Questions fréquentes sur Nvidia et les restrictions à l’export vers la Chine
Qu’est-ce que le H20 et pourquoi a-t-il été bloqué ?
Le H20 était la version bridée du GPU H100 de Nvidia, conçue spécifiquement pour respecter les seuils de contrôle à l’exportation vers la Chine. En avril 2025, le Département du Commerce américain a exigé une licence spéciale pour l’exporter, ce qui a de facto interrompu les ventes directes de Nvidia en Chine.
Que signifie concrètement 0 % de part de marché pour Nvidia en Chine ?
Ce chiffre reflète l’absence de ventes directes d’accélérateurs IA de Nvidia à des clients chinois. Du matériel Nvidia peut encore être utilisé en Chine via des importations indirectes ou des stocks antérieurs, mais Nvidia ne génère plus de revenus directs sur ce segment.
Quels fabricants chinois profitent de l’absence de Nvidia ?
Huawei (puces Ascend), Cambricon, Moore Threads et MetaX sont les principaux bénéficiaires. Huawei est le mieux positionné grâce à son soutien politique et sa présence dans les grandes entreprises publiques et télécoms chinoises.

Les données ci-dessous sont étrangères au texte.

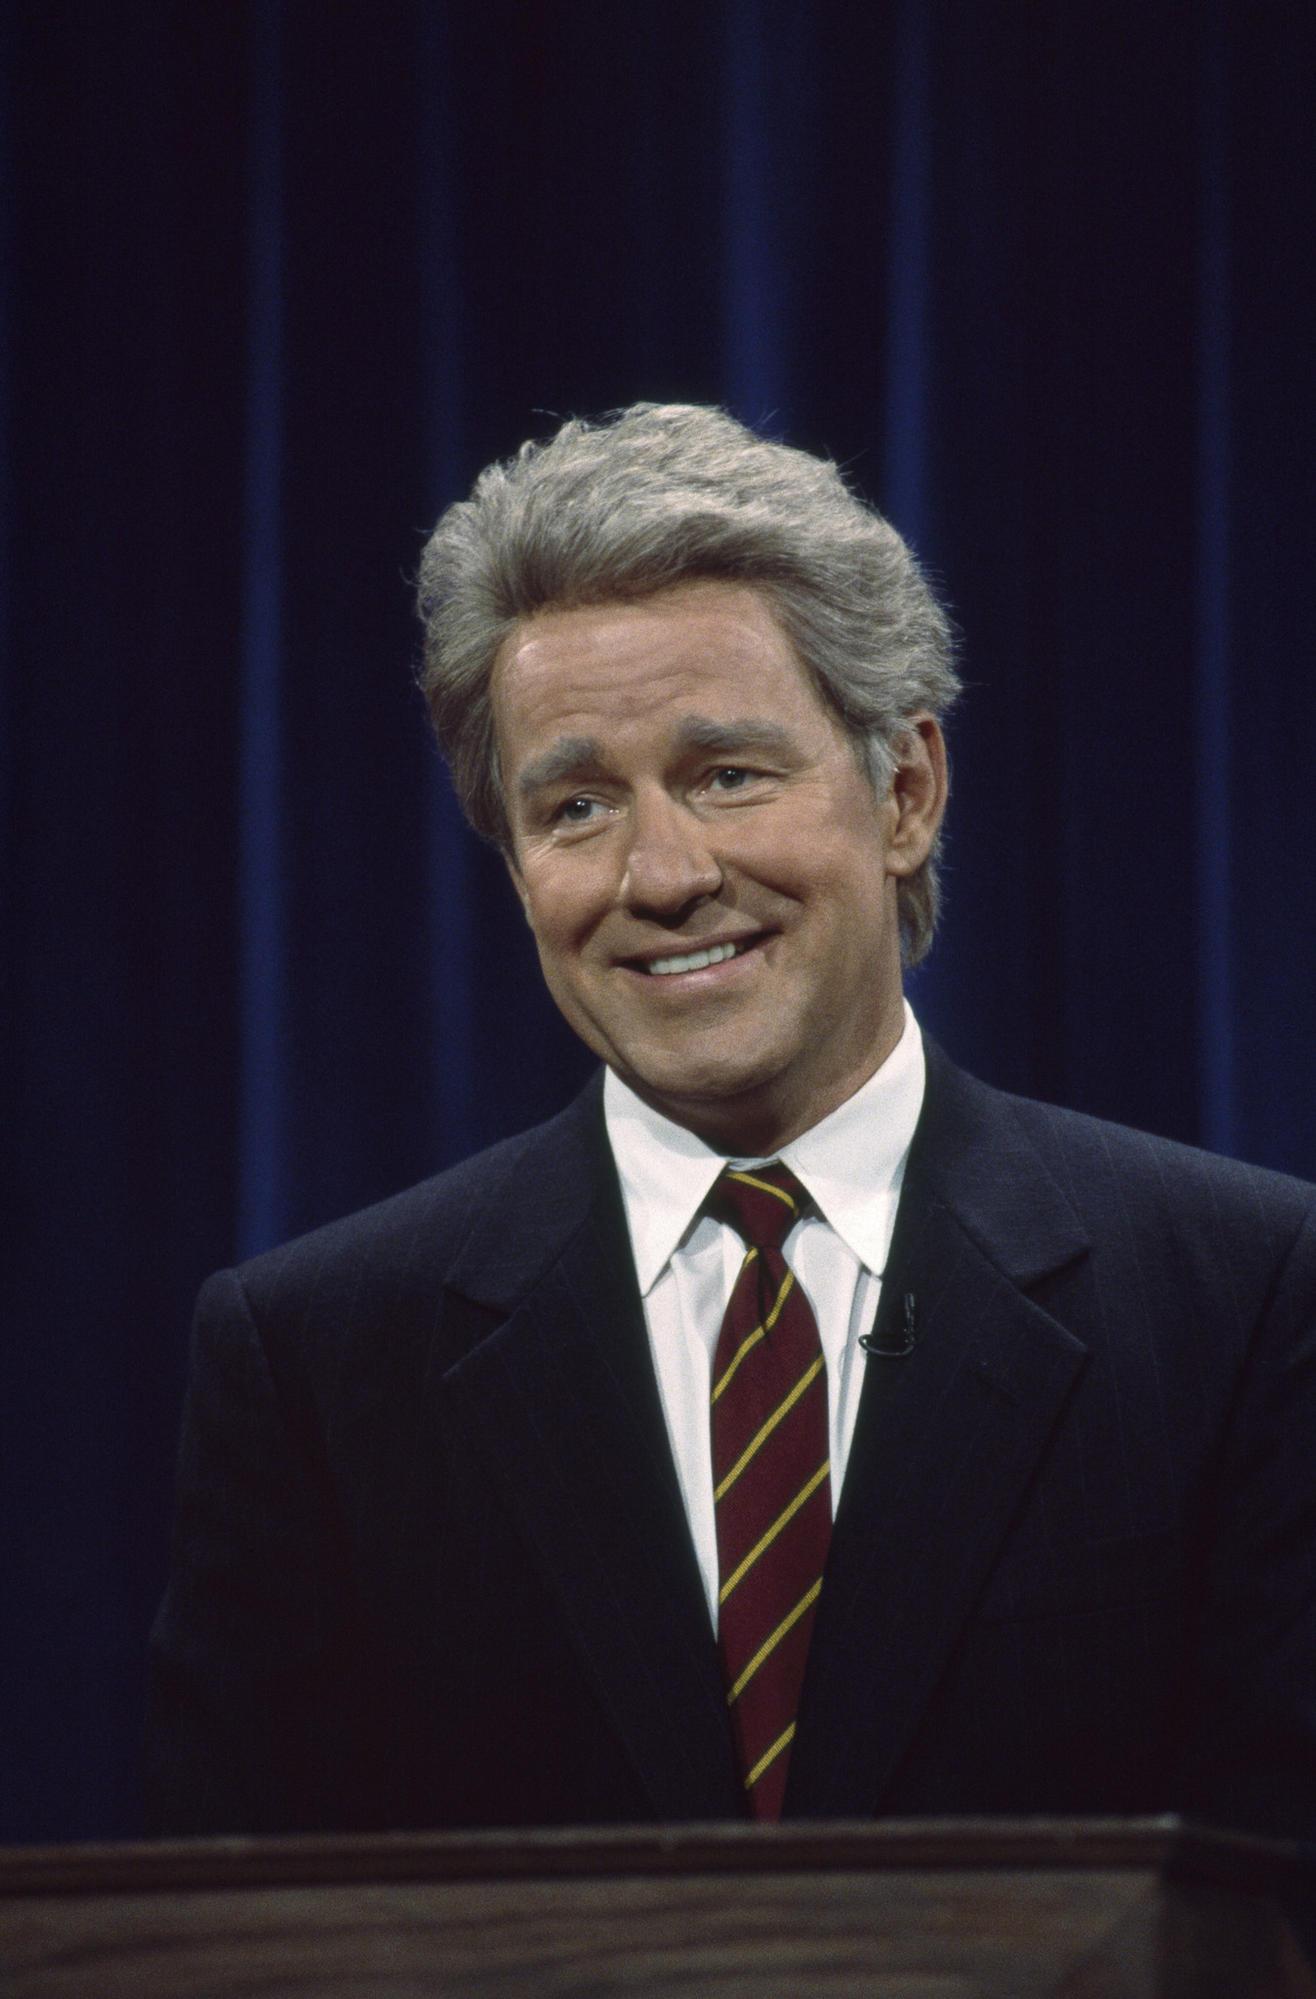 Phil Hartman as Bill Clinton

Les entreprises chinoises peuvent-elles vraiment remplacer CUDA ?
Pas à court terme sur les charges d’entraînement complexes. En revanche, pour l’inférence et les déploiements internes contrôlés, la migration est techniquement possible et déjà en cours chez Alibaba, Baidu et ByteDance. Le vrai défi est l’écosystème logiciel, pas seulement la puissance brute du silicium.
Pourquoi Washington envisage-t-il d’assouplir partiellement les restrictions en 2026 ?
Le Département du Commerce a reconnu implicitement que des restrictions totales ont un coût stratégique : elles accélèrent l’autonomie technologique chinoise tout en privant les entreprises américaines de revenus et d’influence. Un régime de licences au cas par cas permet de maintenir un levier commercial sans renoncer au contrôle sur les puces les plus sensibles.
Quel est l’impact financier total des restrictions sur Nvidia ?
Sur le seul exercice fiscal 2026, Nvidia a absorbé une charge de 4,5 milliards de dollars liée au blocage du H20, et renoncé à environ 2,5 milliards de dollars de revenus potentiels au premier trimestre. Ces chiffres ne comprennent pas les opportunités manquées sur les cycles suivants ni l’érosion de sa base installée en Chine.